Wilkes is a freshman at the University of North Florida this summer. She lives in the dorms now and plans to study to become a veterinarian. But this time last year, she said, she’d never have imagined ending up where she is now.

Wilkes said the trouble in her life started about midway through her junior year at Englewood High School when she, her father and her brother found themselves moving around to different friends’ houses and apartments while searching for a steady source of income. In the summer of 2005, her father moved up to South Carolina to deal with personal issues and Wilkes elected to stay behind and finish school in Jacksonville.

“The whole reason I stayed down here is because I didn’t want to move around as much,” Wilkes said.

However, the next year turned out to be a roller coaster ride of transience among her friends’ houses and ultimately with several people she “knew absolutely nothing about,” relying usually on each host’s good will for only a few weeks before moving on.

Throughout the ordeal, Wilkes continued to attend school and work 30 hours a week at a local Golden Corral. She walked to most places she needed to be, because she didn’t have a car. Most people at school didn’t know anything about her situation, she said, because she preferred to confide in only a few close friends.

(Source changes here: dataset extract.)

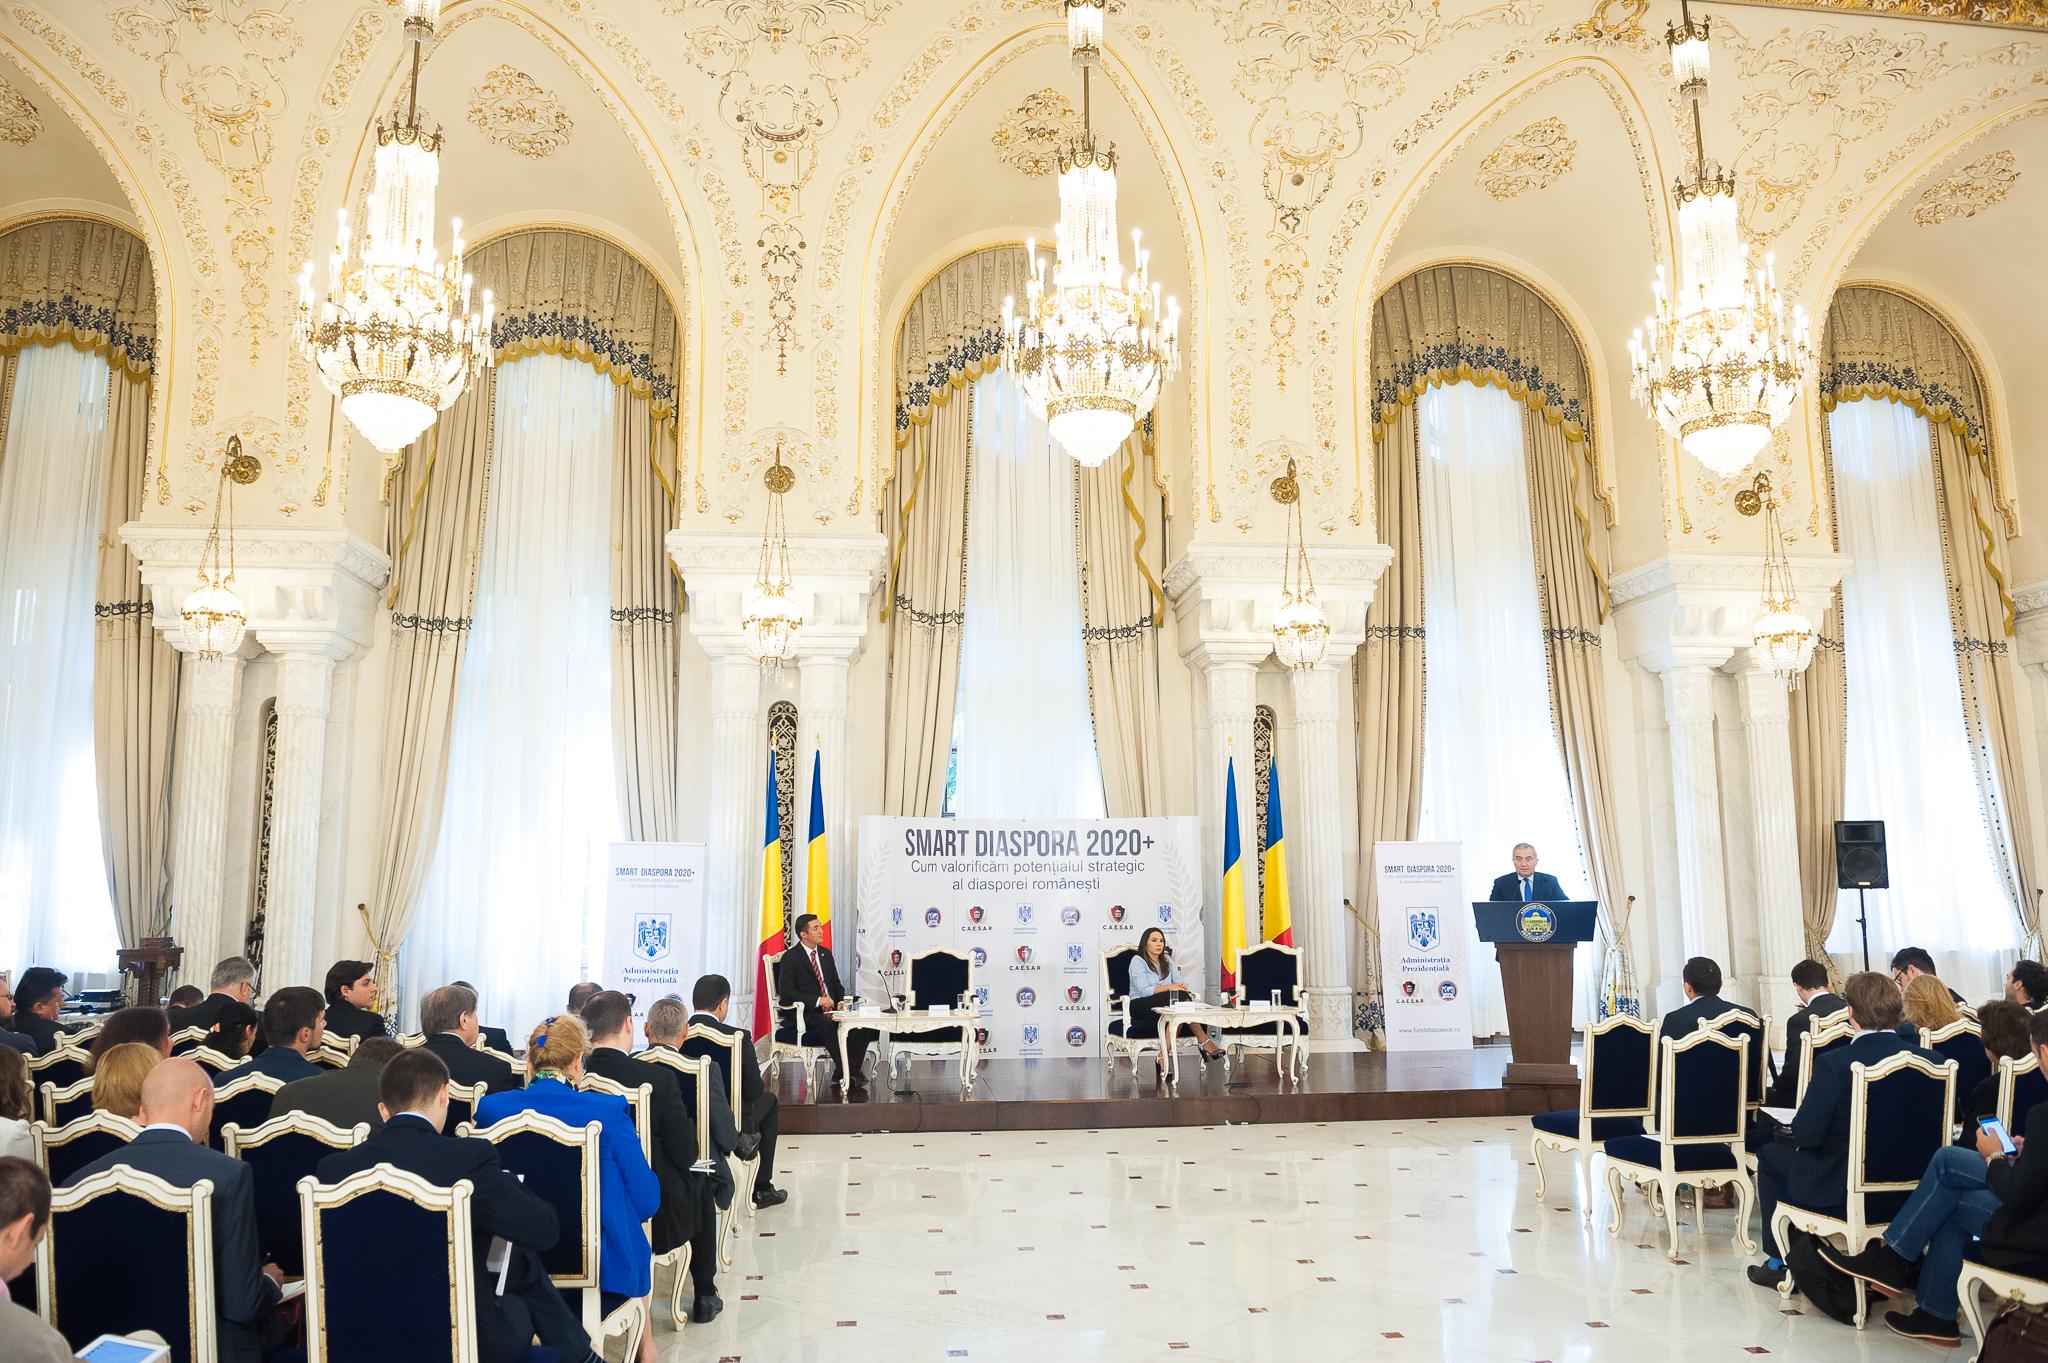 Experți români din țară și străinătate găsesc soluții pentru valorificarea potențialului strategic al diasporei românești

The last stop on Wilkes’ break-neck tour of Jacksonville’s living accommodations was the home of her boyfriend, Matt Stumph. Before the series of events that would bring her to UNF, she stayed there for about six months with Stumph and his family.

It was Matt Stumph’s mother, Mary Stumph, who first suggested to Wilkes that she consider applying to college after highschool. Before that, Wilkes said, she never gave much serious thought to the notion, despite her exceptionally high 3.93 graduating GPA.

“My guidance counselor never helped me with filling out college applications,” Wilkes said. But Mary Stumph, who works as a legal assistant in the Office of the General Counselor at UNF, took it upon herself to plead Wilkes’ case to John Yancey, an employee in UNF’s Office of Admissions.

Together, Yancey and the Stumphs made it a personal quest to see the newly-aspiring university student through the application process, Wilkes said. They helped her fill out all the necessary forms and apply for every scholarship they could find, she added. The result was overwhelming success.

“For my freshman year I’ve got everything covered,” Wilkes said. She now has a letter of admission, several scholarships to pay every school-related expense for the year, a job in the campus bookstore and a dorm to call home - although she said she still tries to spend at least one night a week at the Stumphs’.

“She’s a really good mom,” Wilkes said of Mary Stumph. Her relationship with Matt Stumph continues to thrive as well, she added.

When she looks back on everything she’s been through in the past year, Wilkes said she never really feels sorry for herself or wishes that things would’ve turned out differently.

She links her decision to stay in Florida and take her chances on a place to live directly to the opportunities that granted her a shot at a college education.

“I’m extremely excited,” Wilkes said. “It was all worth it.”